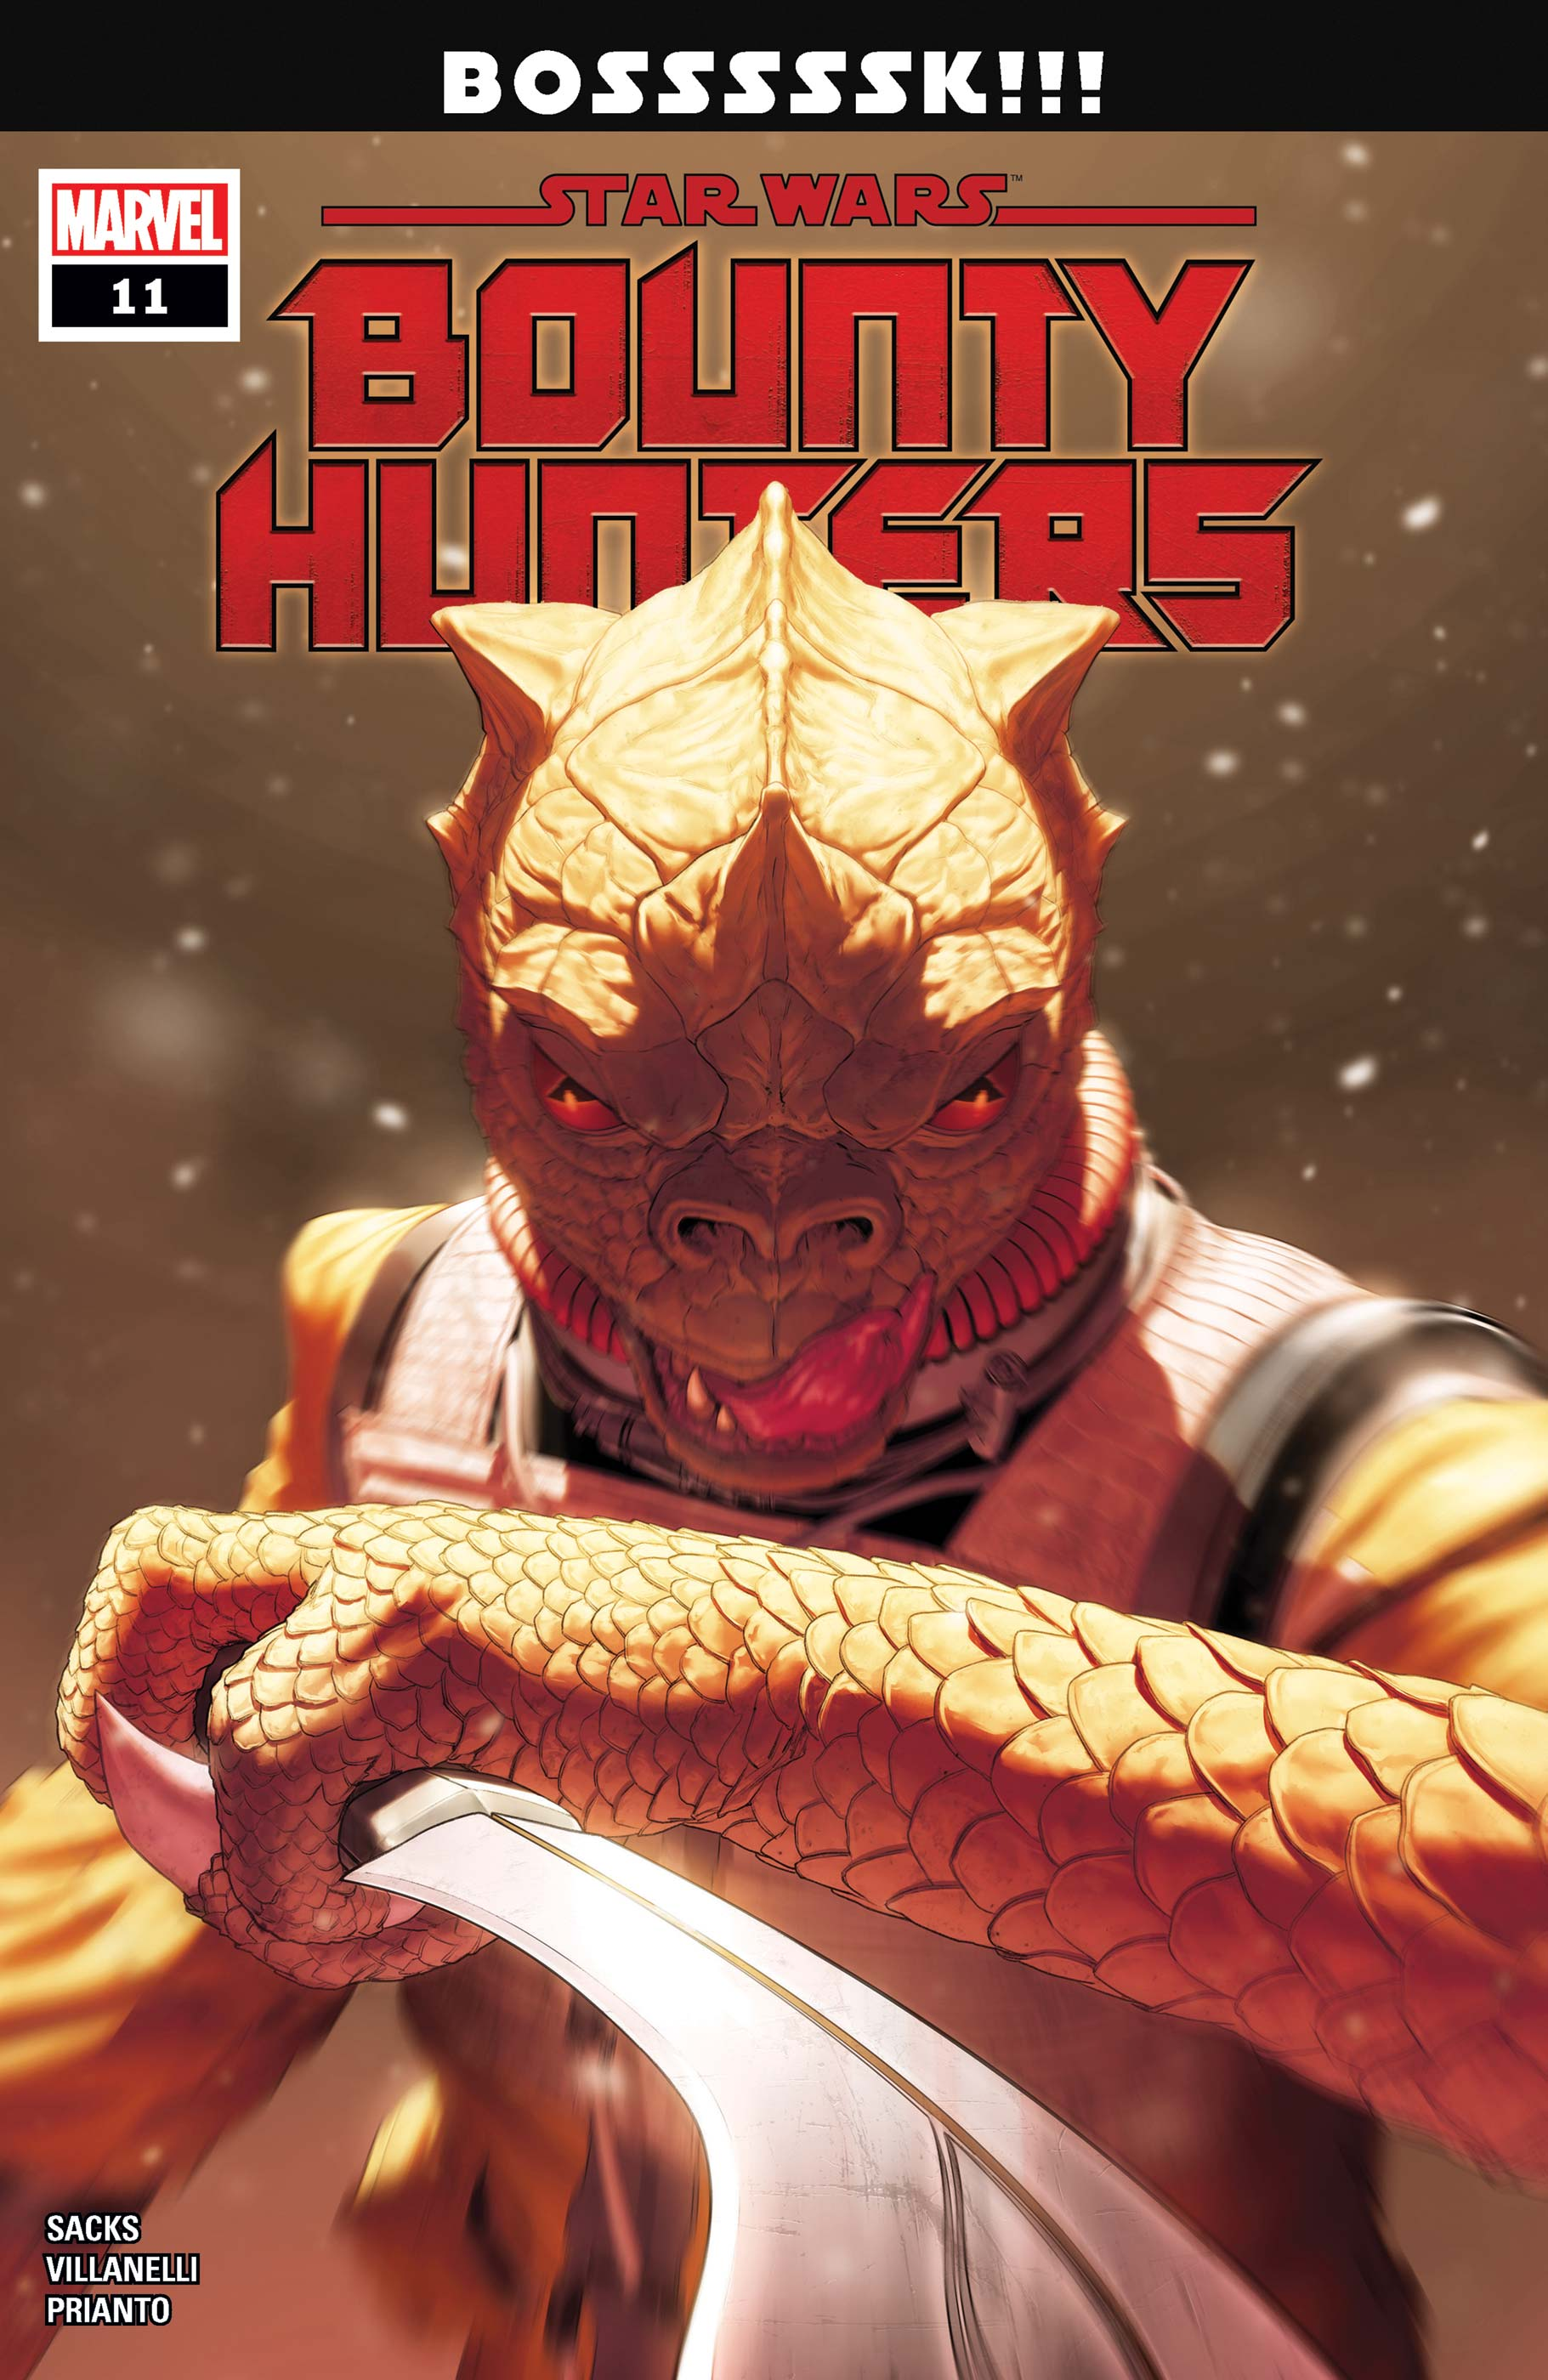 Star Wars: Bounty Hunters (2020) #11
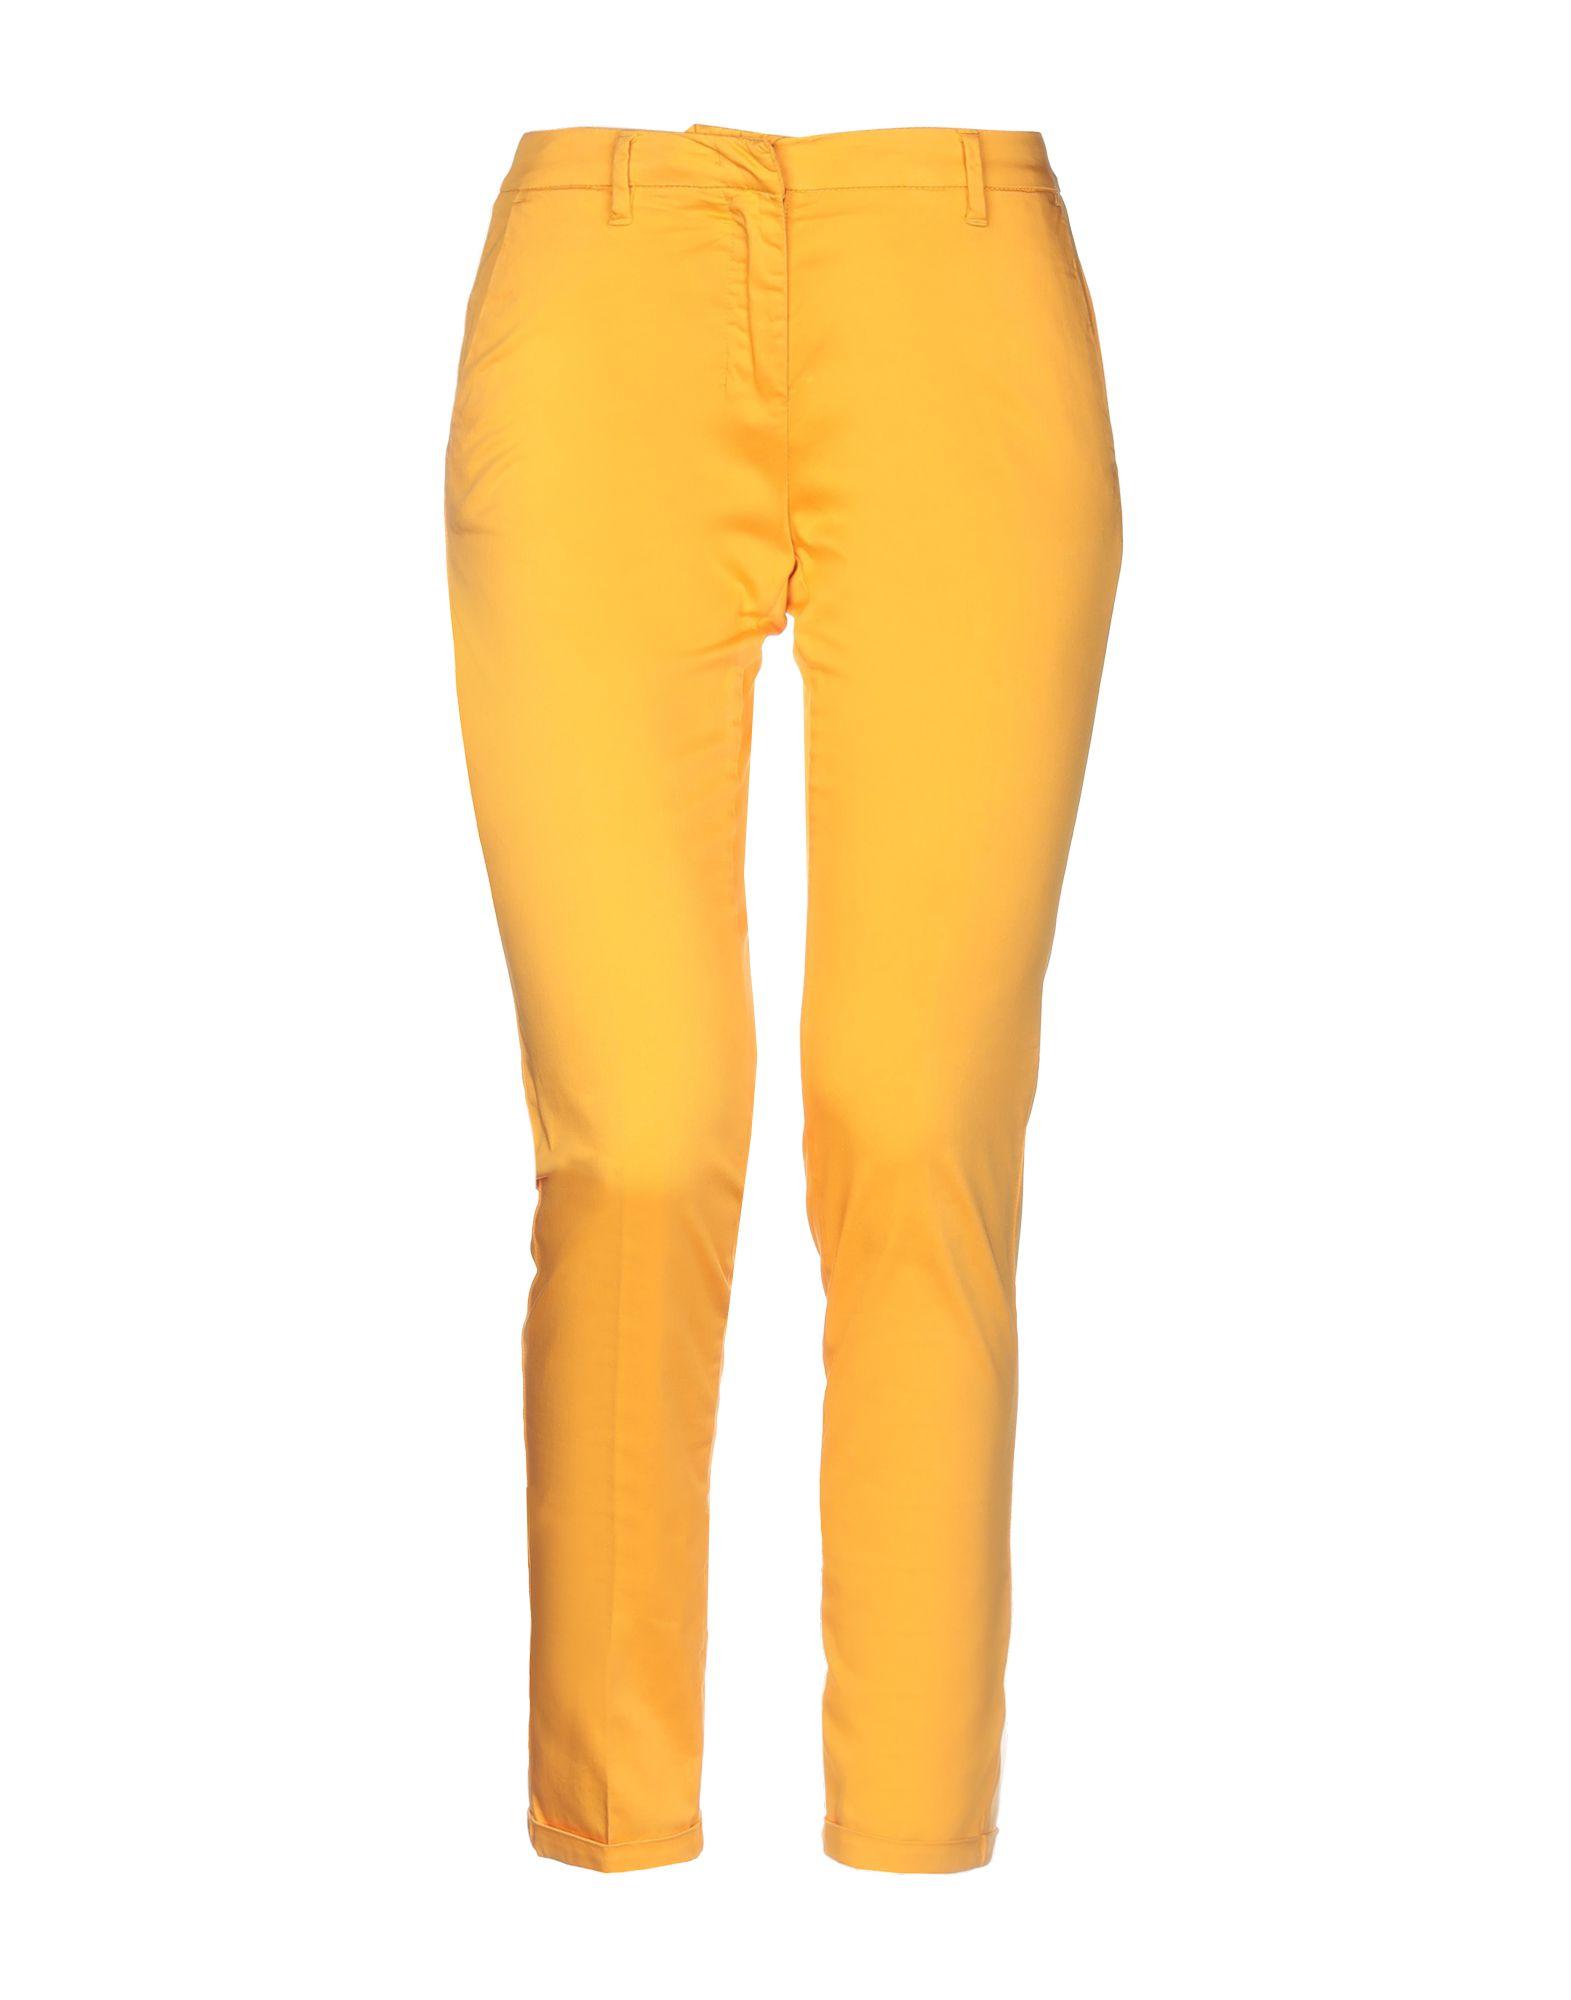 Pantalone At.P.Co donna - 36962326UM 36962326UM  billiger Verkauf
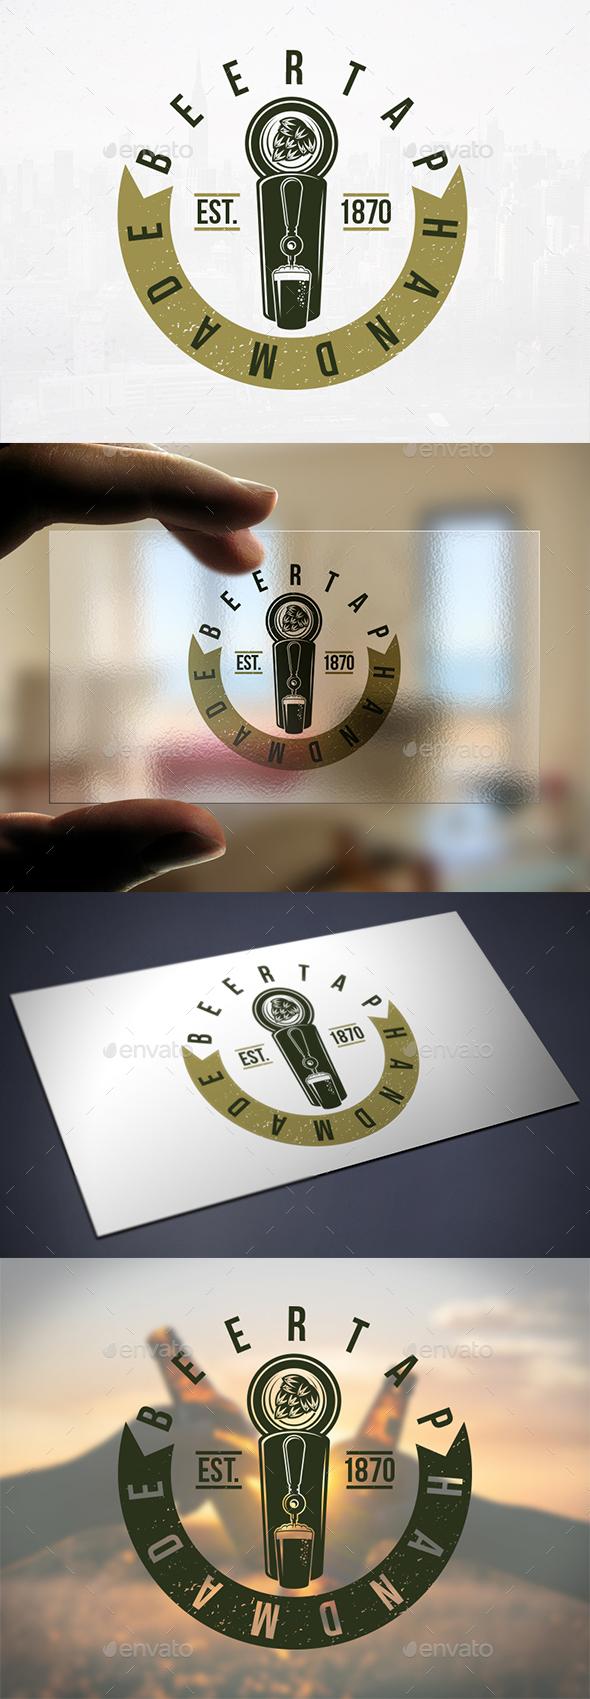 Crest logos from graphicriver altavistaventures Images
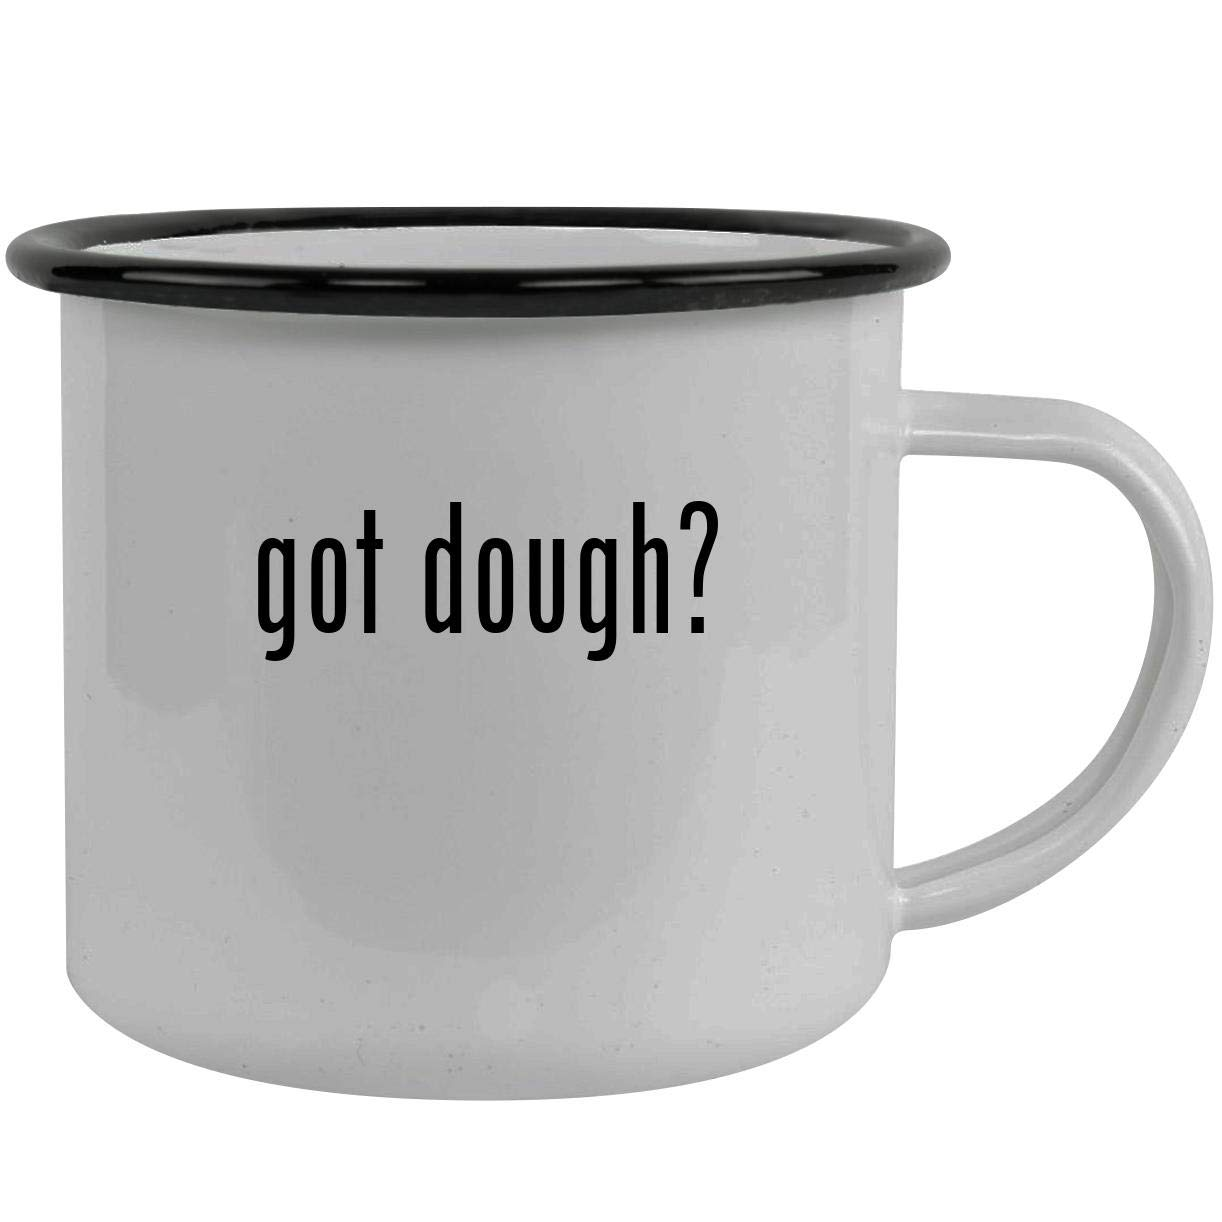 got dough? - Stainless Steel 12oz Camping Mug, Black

★ ★ ★ ★ ★ ★ ★

■ WORK INSTRUCTION
The copy should match each line above exactly and contain no images.

■ OUTPUT FOR THIS EXERCISE
 Star Wars: Bounty Hunters (2020) #11
 Pantalone At.P.Co donna - 36962326UM 36962326UM  billiger Verkauf
 Crest logos from graphicriver altavistaventures Images
 got dough? - Stainless Steel 12oz Camping Mug, Black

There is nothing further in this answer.